I always find these pieces really interesting, but also really frustrating. There’s nary a mention of the amount of privilege and financial stability that has to exist before most of these worst-case scenarios can happen; there’s a world of difference between giving up on getting kids to do chores because you don’t have the time to chase after them and make them do it right, having the time to do or re-do your kid’s homework or projects every single night, and having the disposable cash necessary to sue your kid’s school over a failing grade. Do families with parents who lack that kind of time and money still end up with kids that amount of spoiled?

City_Dater (#565)

@allreb

The short answer is probably, “no.” It costs a lot of money to raise an entitled little boor.

AnnieNilsson (#406)

@allreb I would agree that this is mostly a problem of the overly privileged, but not always. My husband’s much younger half-siblings are being raised by parents with very little time and very little money, and while they are not entitled brats per se, they are completely sheltered and helicoptered, to the point where they can hardly function. Both parents work full time, but the kids (ages 7-15) are not expected to do any chores, nor even read quietly or play outside unsupervised.

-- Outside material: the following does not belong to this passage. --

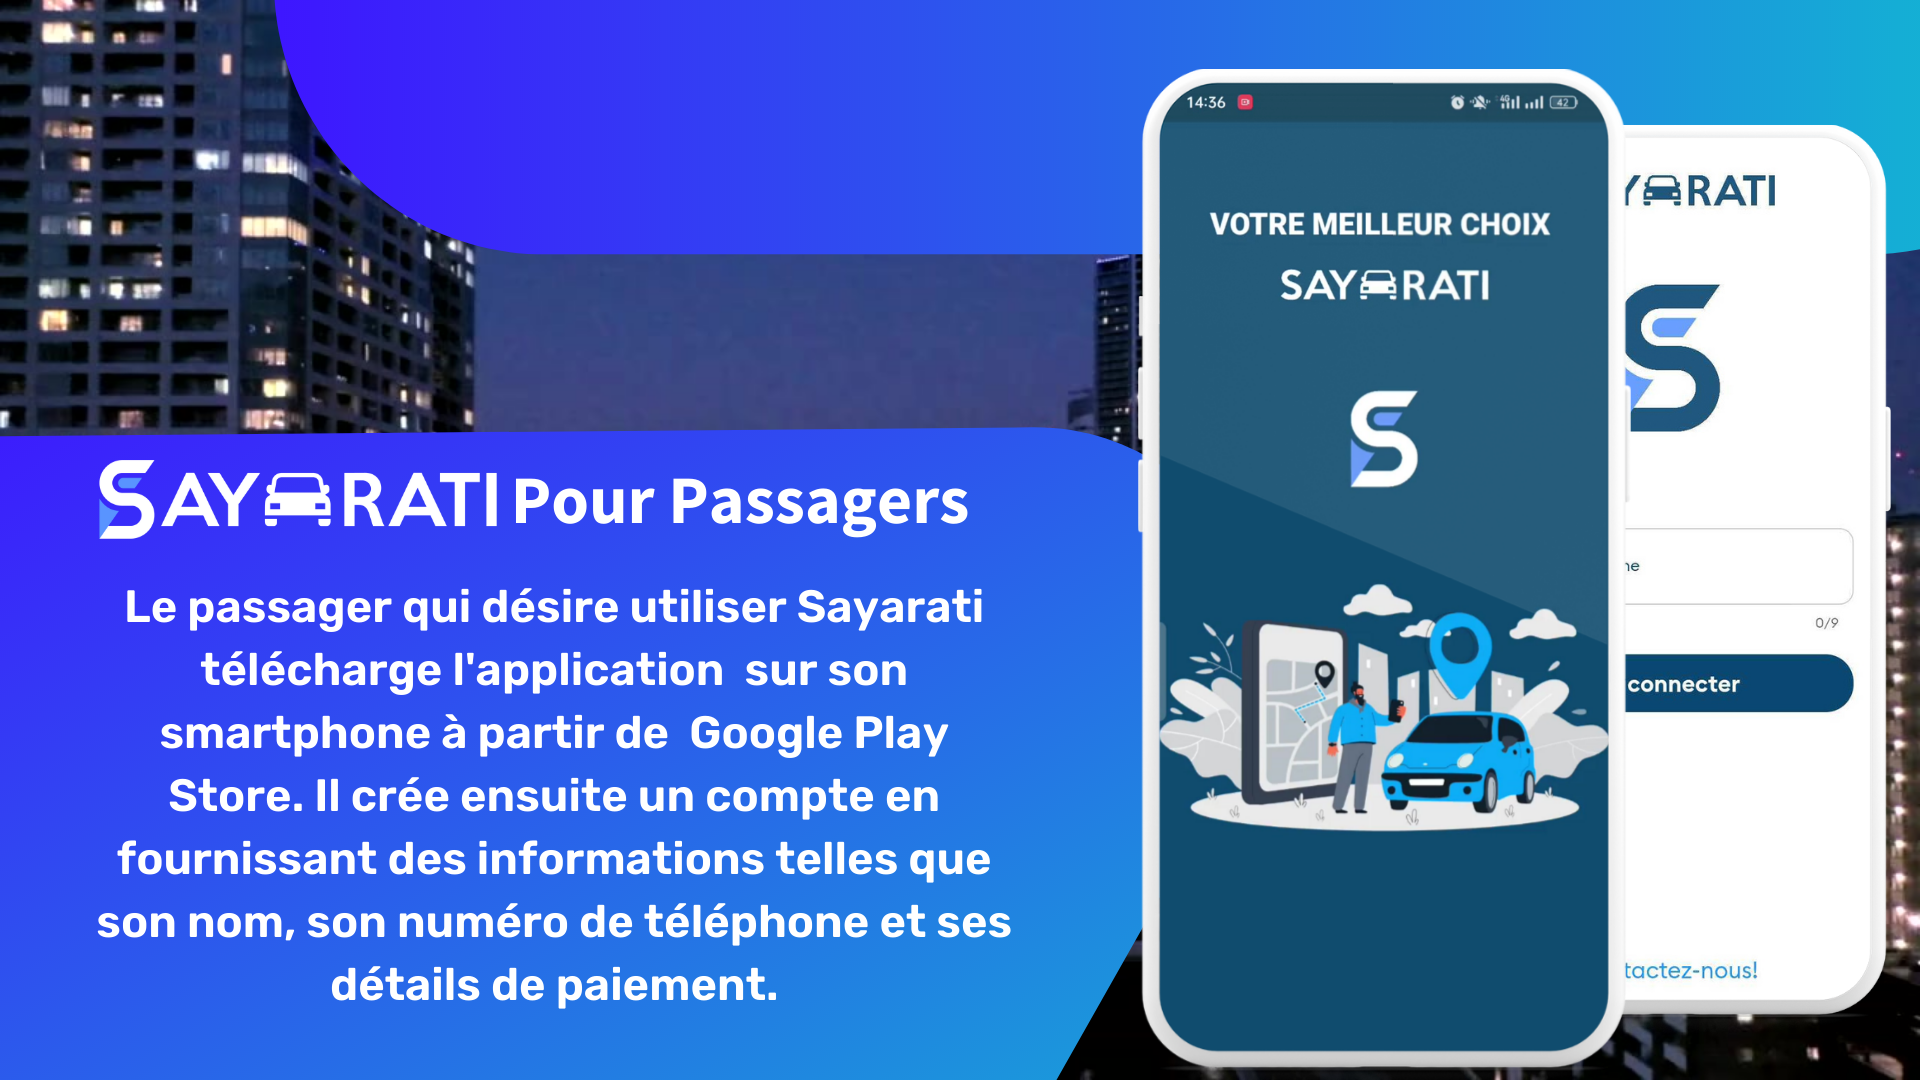 Passenger App
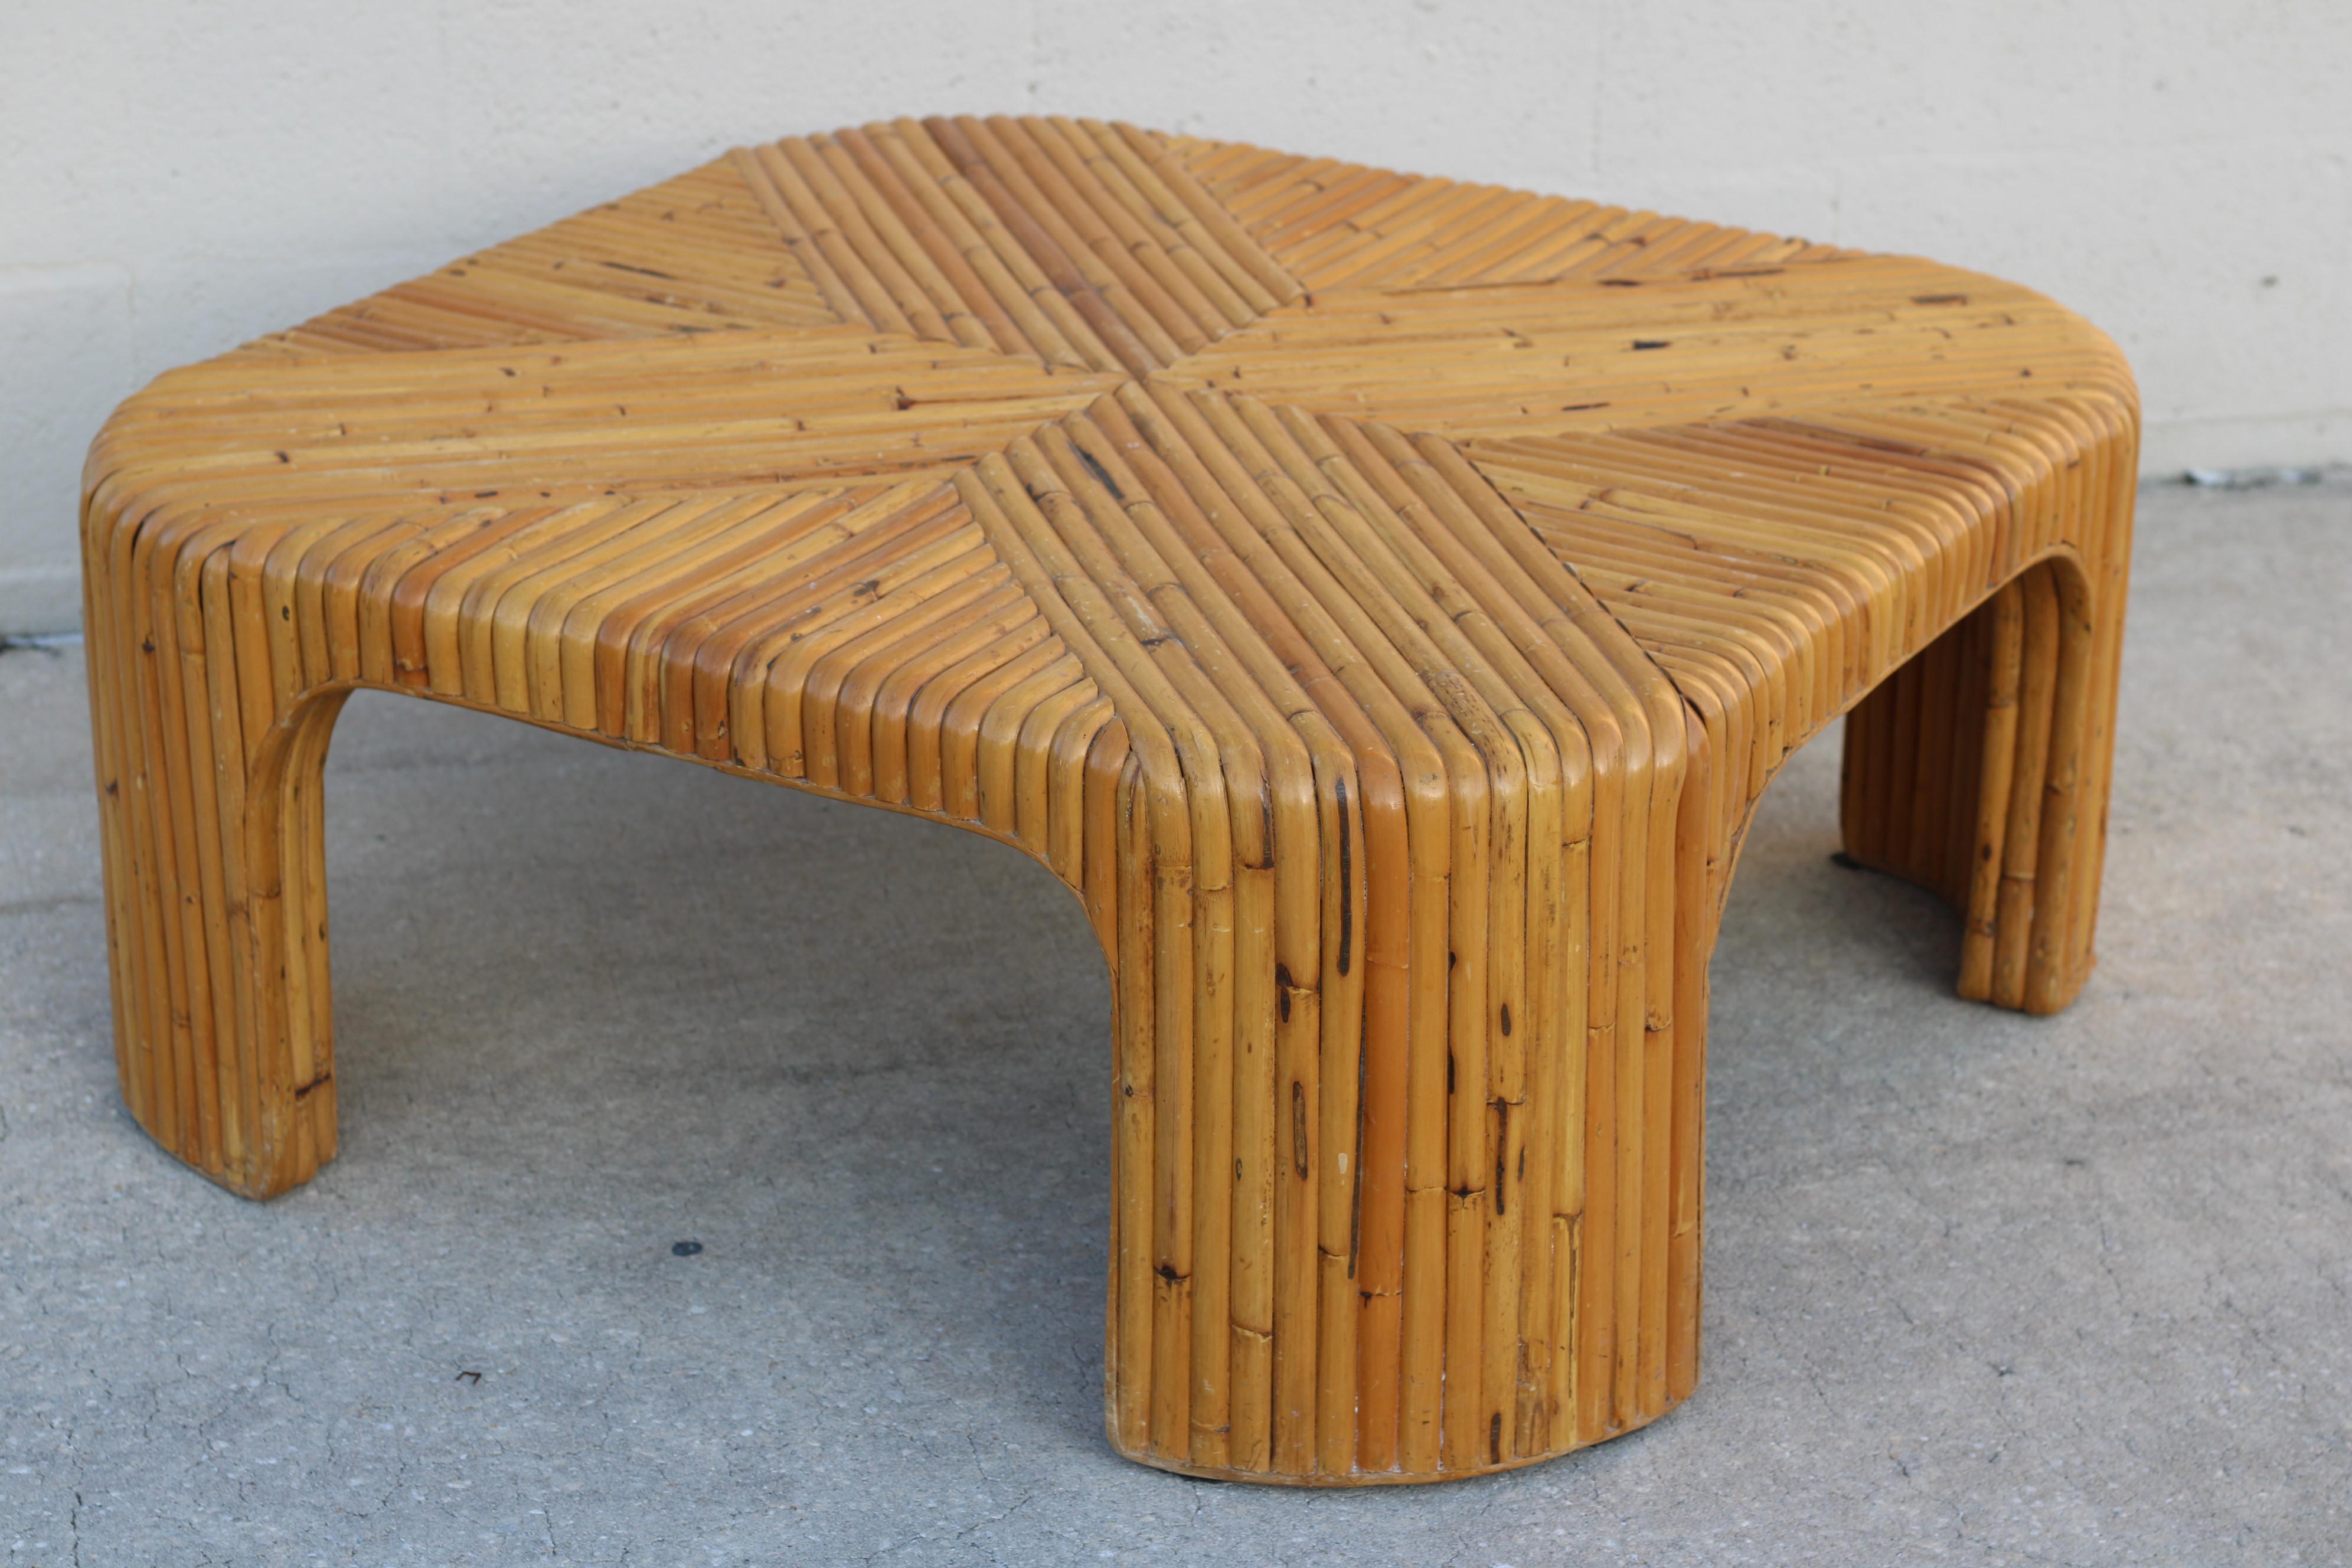 Vintage organisch-moderner Couchtisch aus gespaltenem Bambus mit ausgeprägtem geometrischem Muster, ca. 1970er Jahre. Dieser robuste Tisch, der auf den Philippinen fachmännisch hergestellt wird, ist ein schönes und nützliches Möbelstück, das einen

As a result they seem much younger than they actually are, and I sincerely worry about what will happen to them once they get into the real world.

cmcm (#267)

This is really interesting, because I’m currently seeing the results of an anthropological study right in my own home. My boyfriend’s parents divorced when he was young and he and his brother were raised by his mother and grandparents, who expected a lot from him as far as helping out, let him have an enormous amount of autonomy etc. His dad remarried and had two more kids, who from the sounds of it had their butts wiped until they were 18.

Now? My boyfriend and his full brother both went to good universities, and now his brother is a doctor and he’s hugely successful professionally.

His half brother didn’t really properly graduate from high school, and now at age 22 he’s moved out of his parents home for the FIRST TIME and is living with my boyfriend. He doesn’t know how to do laundry, use any basic appliances, write a CV, or even SEND A LETTER.